Application based transportation system, like Uber and Lyft, has brought new perspective of transportation mode to clients, who can reserve a spot using Mobile applications conveniently. The capability of a productive ride-sharing plan to essentially decrease traffic, congestion, and drivers’ pressure, just as working with the presentation of brilliant urban communities has been generally shown lately. This positive push anyway is confronted with a few postponing factors, one of which is the instability and unpredictability of the potential benefit of ridesharing at various occasions, and in different places.

Data Collection

Data was fetched through API’s from real time server.

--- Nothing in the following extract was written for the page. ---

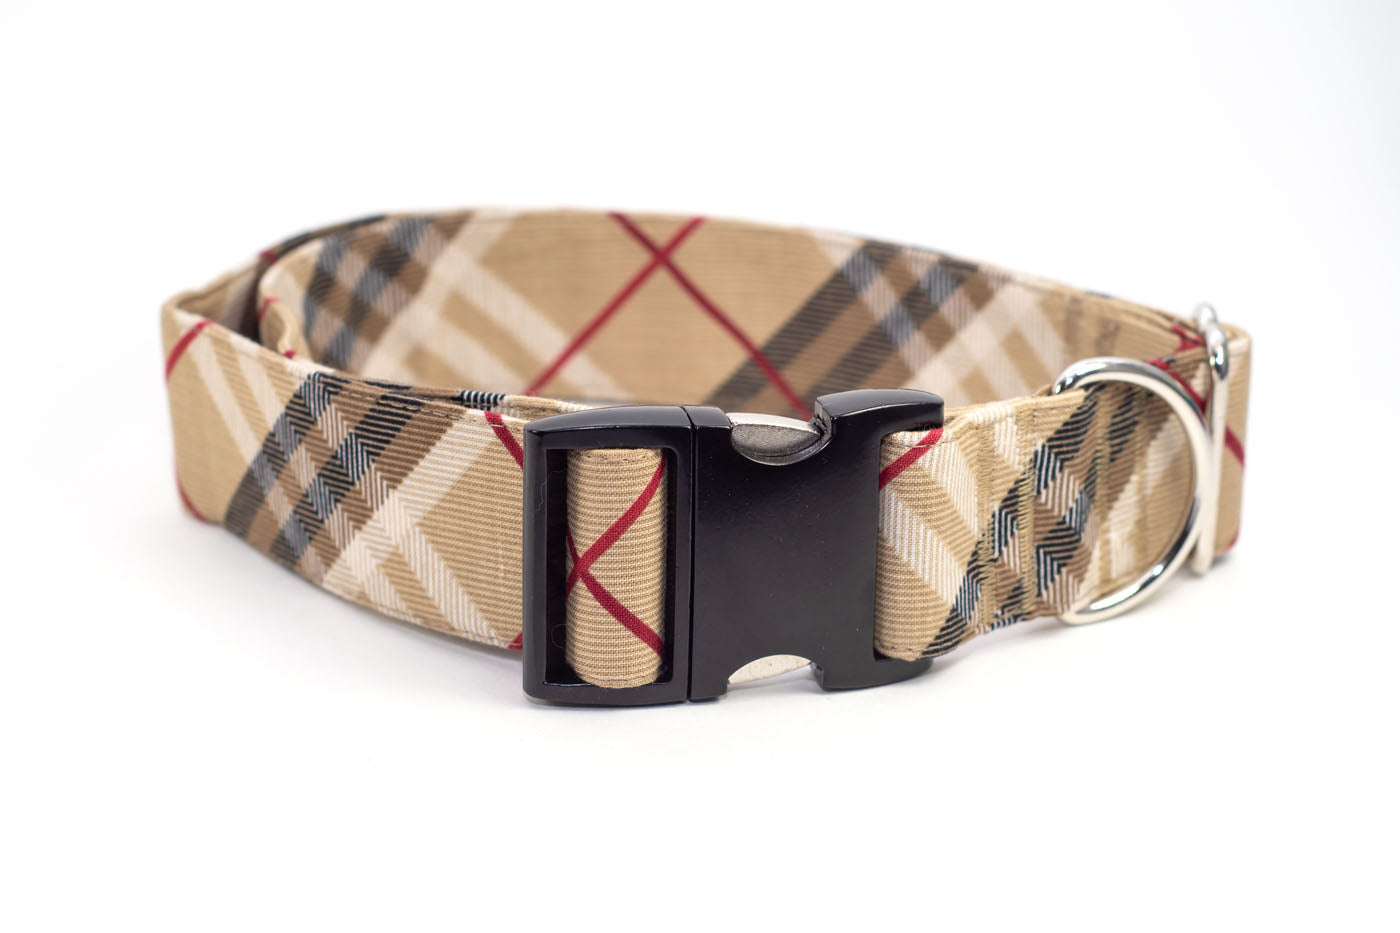 Burberry dog collar  Designer dog collars, Burberry dog collar, Cute dog  collars

Uber and Lft. The raw data chunks was then put into a csv file and was sent to pre processing steps further.

Main Dataset

Uber API: https://developer.uber.com/ Lyft API: https://www.lyft.com/developers Yelp API: https://www.yelp.com/developers

Connceptual Dataset

Events Datasets: • Description: The dataset we tried to use was used to estimate the hypothesis for our assessment and was able to define a correlation/feature similarity in prices/availability and traffic caused by different and frequent events. The information for the dataset is decribed as following: Link: https://data.cityofchicago.org/Events/Public-Health-Department-Events/38sz-xyf4/data
Traffic Data set: • Description: MapQuest is an free open source web mapping service built on crowd-sourced data as an alternative to Google maps. The services provides an real time traffic information API. The API requires: API key ( to uniquely identify each user) and latitude/longitude of area of Chicago. Link: http://www.mapquestapi.com/traffic/v2/incidents

Implementation

Linear Regression

Linear regression attempts to model the relationship between two variables by fitting a linear equation to observed data. One variable is considered to be an explanatory variable, and the other is considered to be a dependent variable. For example, a modeler might want to relate the weights of individuals to their heights using a linear regression model.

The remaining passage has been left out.